Дело о глиняных Буддах - Страница 1
Андрей Константинов
Дело о глиняных Буддах
«…Инициативен. Не ленив. На рабочем месте бывает редко. Выполняет большой объем работы.
…Существуют претензии к точности и достоверности поставляемой им информации. Однако изменить стиль и методы работы Соболина пока не удалось. Считает, что главное достоинство настоящего репортера (к каковым он себя относит) — оперативность, а достоверность должна достигаться в результате проверки принесенных им фактов. Кто будет осуществлять эту проверку, не уточняет.
Под предлогом большой загруженности постоянно опаздывает на совещания, планерки и летучки, проводимые в агентстве.

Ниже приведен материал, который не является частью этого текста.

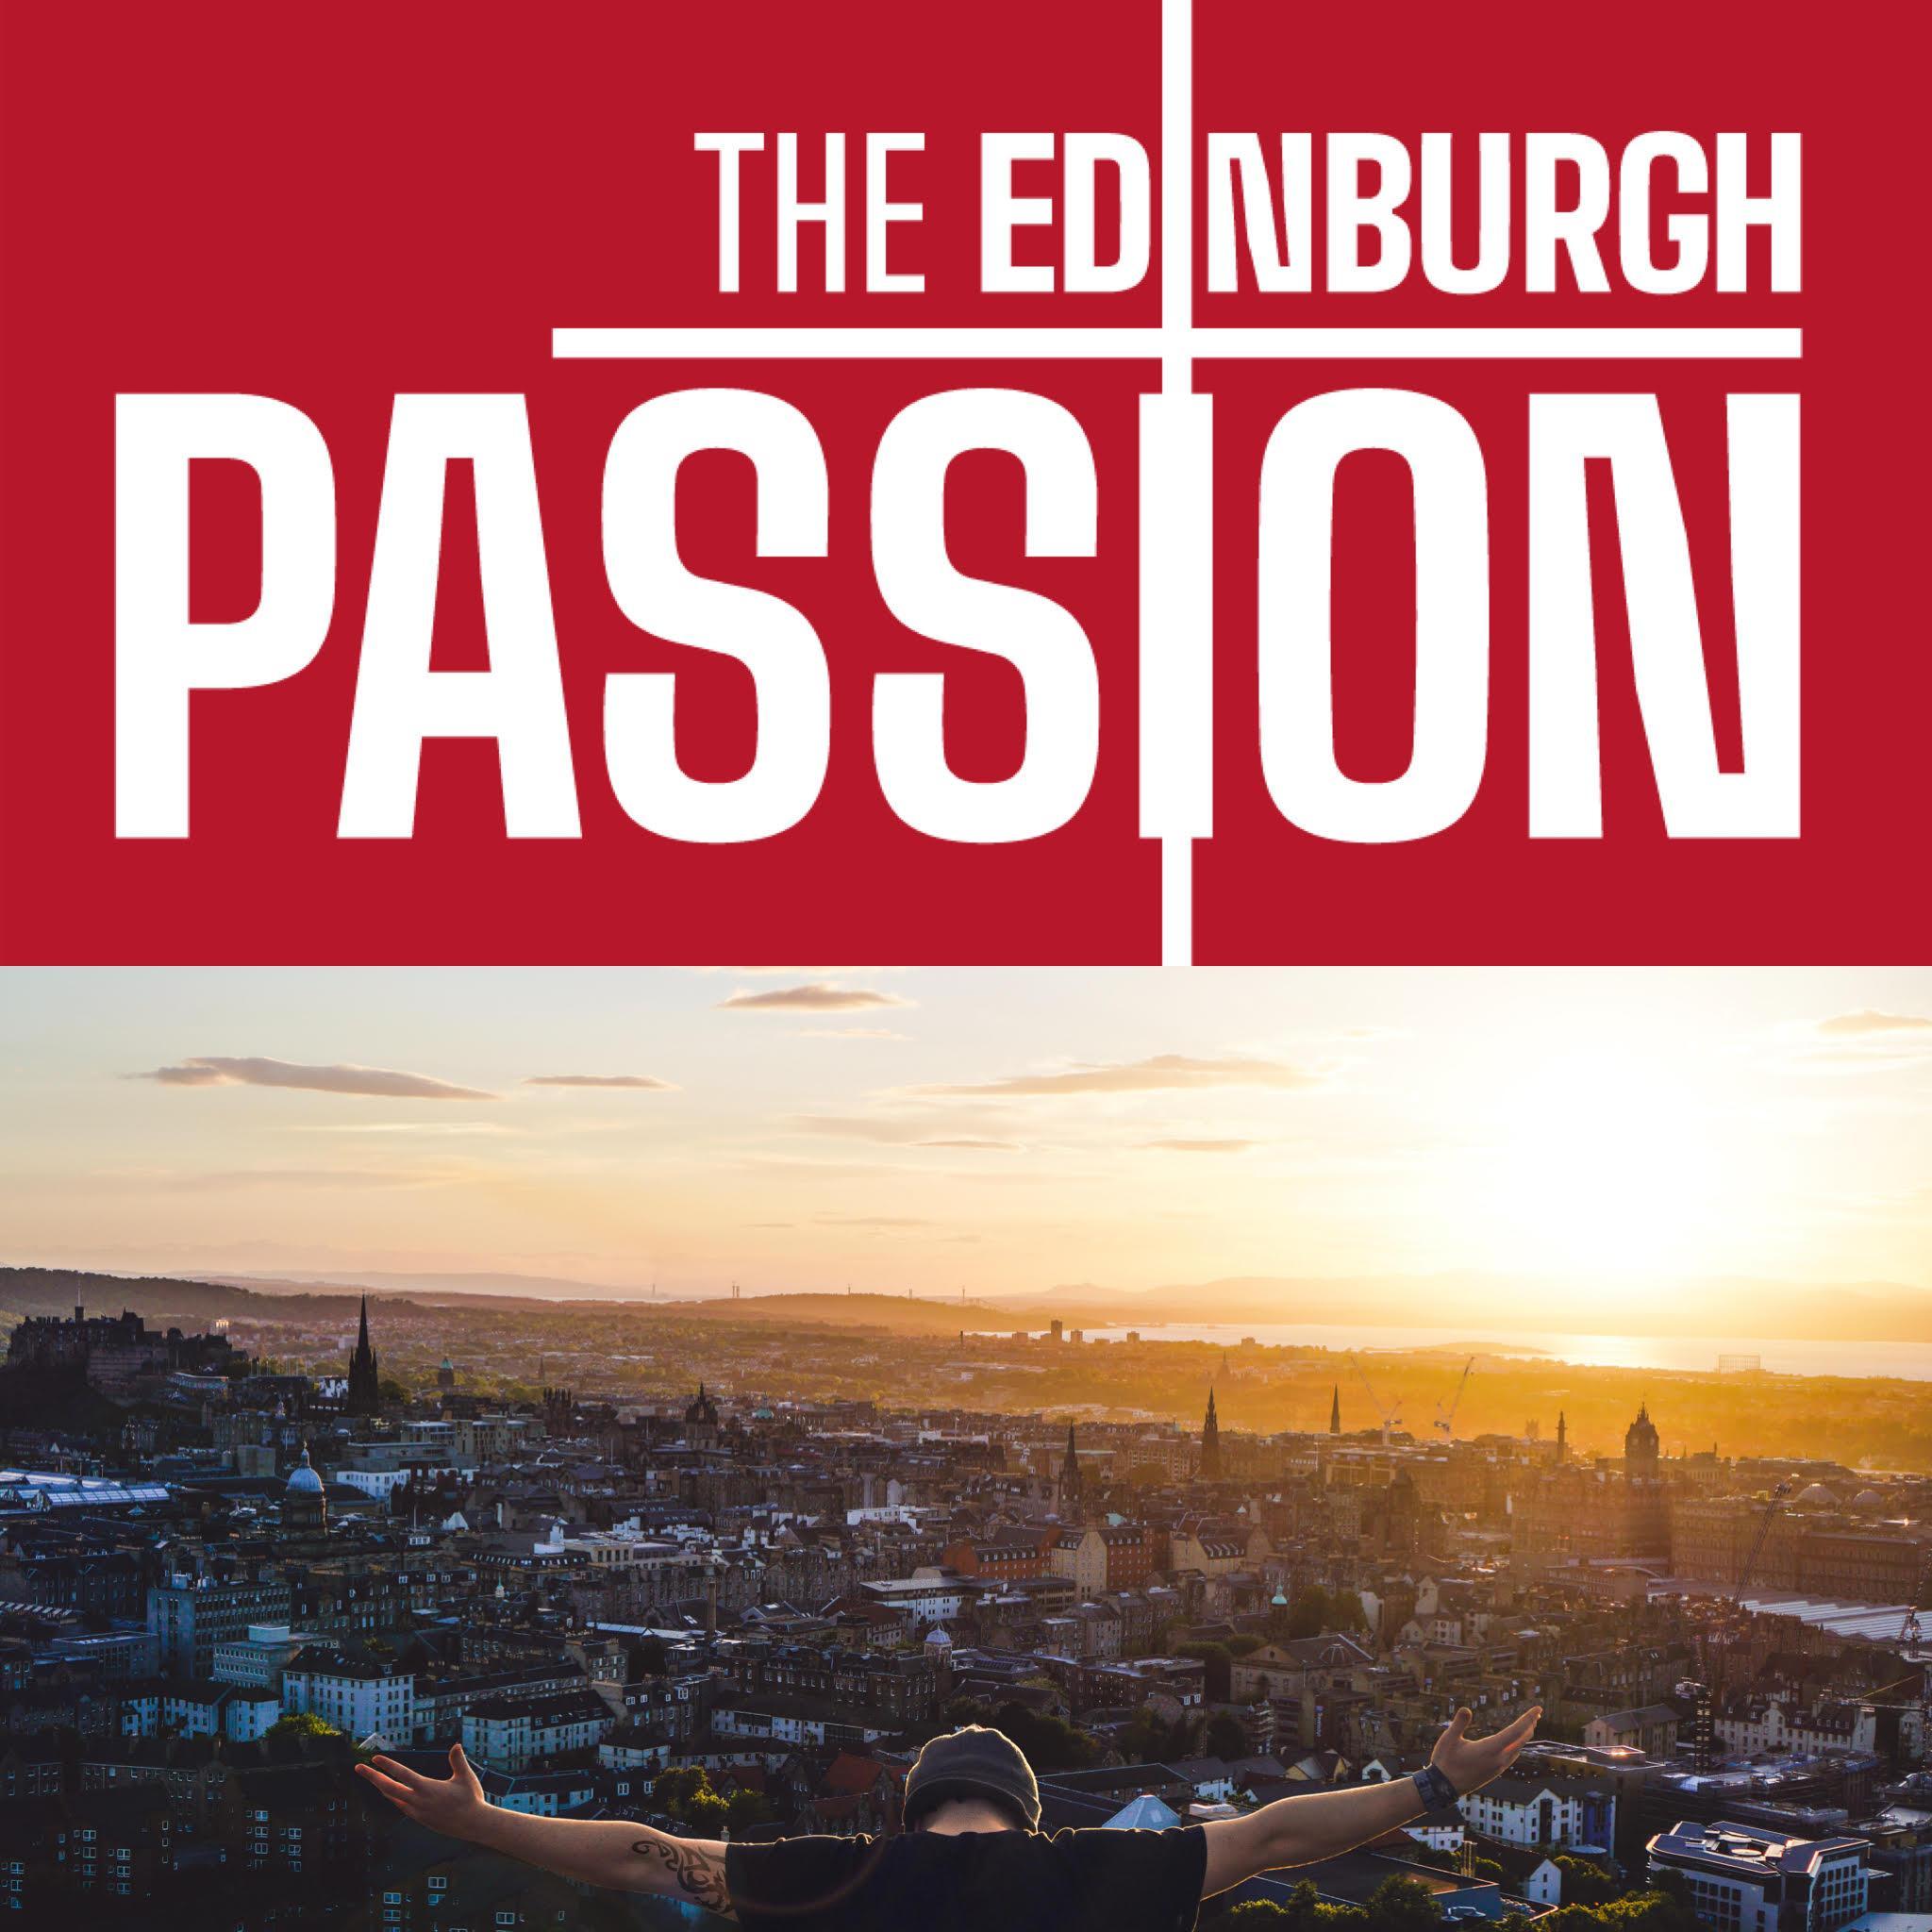 Edinburgh Passion Last Supper - Dine Restaurant

…Как профессиональный — в прошлом — актер, является основным организатором всех культурных мероприятий агентства. По мнению сотрудников, особенно ему удается роль Деда Мороза (видимо, сказывается многолетняя практика).
Любит цитировать Шекспира, хотя, по нашим данным, в его пьесах никогда не играл.
…Женат. Жена Соболина также работает в агентстве».
Из сонного кошмара меня рывком выбросило в серое петербургское утро. Анюта шевельнулась рядом, но не проснулась. На письменном столе пищал пейджер. Я нажал кнопку. Пищать перестало, на экране высветилось:
«Срочно позвони мне на трубу. Повзло. 7.10».
С кухни я набирал номер второго по значимости руководителя нашего агентства — Николая Повзло.
— Это Соболин, — сказал я, когда он снял трубку. — Что там случилось: арестовали кого или грохнули?
— Ты у нас человек искусства — слышал что-нибудь про такую художницу: Лану Вересовскую?
Какие художницы в семь утра? Никого я в это время суток не помню…
— Ну, она дочь Вересовского, — продолжал Повзло. — Да ты спишь, что ли?
Тут до меня дошло, какого именно Вересовского имеет в виду Николай. Того самого, московского — Виктора Семеновича, который был простым младшим научным сотрудником советского НИИ и за восемь лет сделался одним из богатейших людей России. Мало того, поговаривали, что он фактически заправляет теперешней кремлевской политикой. В Москве его зовут в соответствии с модой на сокращения просто: ВСВ. Но про то, что у него есть дочь и эта дочь — художница, я не знал.
— Коля, я же театральный актер, а не маляр, — сказал я Повзло, — это же совершенно разные тусовки, да я, собственно, и не был никогда вхож в бомонд. А чего с ней случилось, с этой Ланой?
— Она прилетает сегодня в Питер, привозит сюда свою инсталляцию. Будет выставлять ее в «Дыре».
— В какой дыре? — спросонья я бываю не слишком сообразительным.
Повзло это уже успел узнать за три года нашего с ним знакомства, а потому не стал обзывать меня идиотом, а объяснил, что «Дыра» — это такая галерея современного искусства, где периодически проходят всякие инсталляции, перфомансы и прочие выставки.
Место это пользуется популярностью у петербургских художников, куаферов, модельеров и музыкантов, и — дурной славой у питерской милиции: то наркотики, то драки, то скандал с битьем посуды. А что поделаешь: люди искусства — народ горячий, с тонкой нервной организацией. Это я знаю по собственному опыту.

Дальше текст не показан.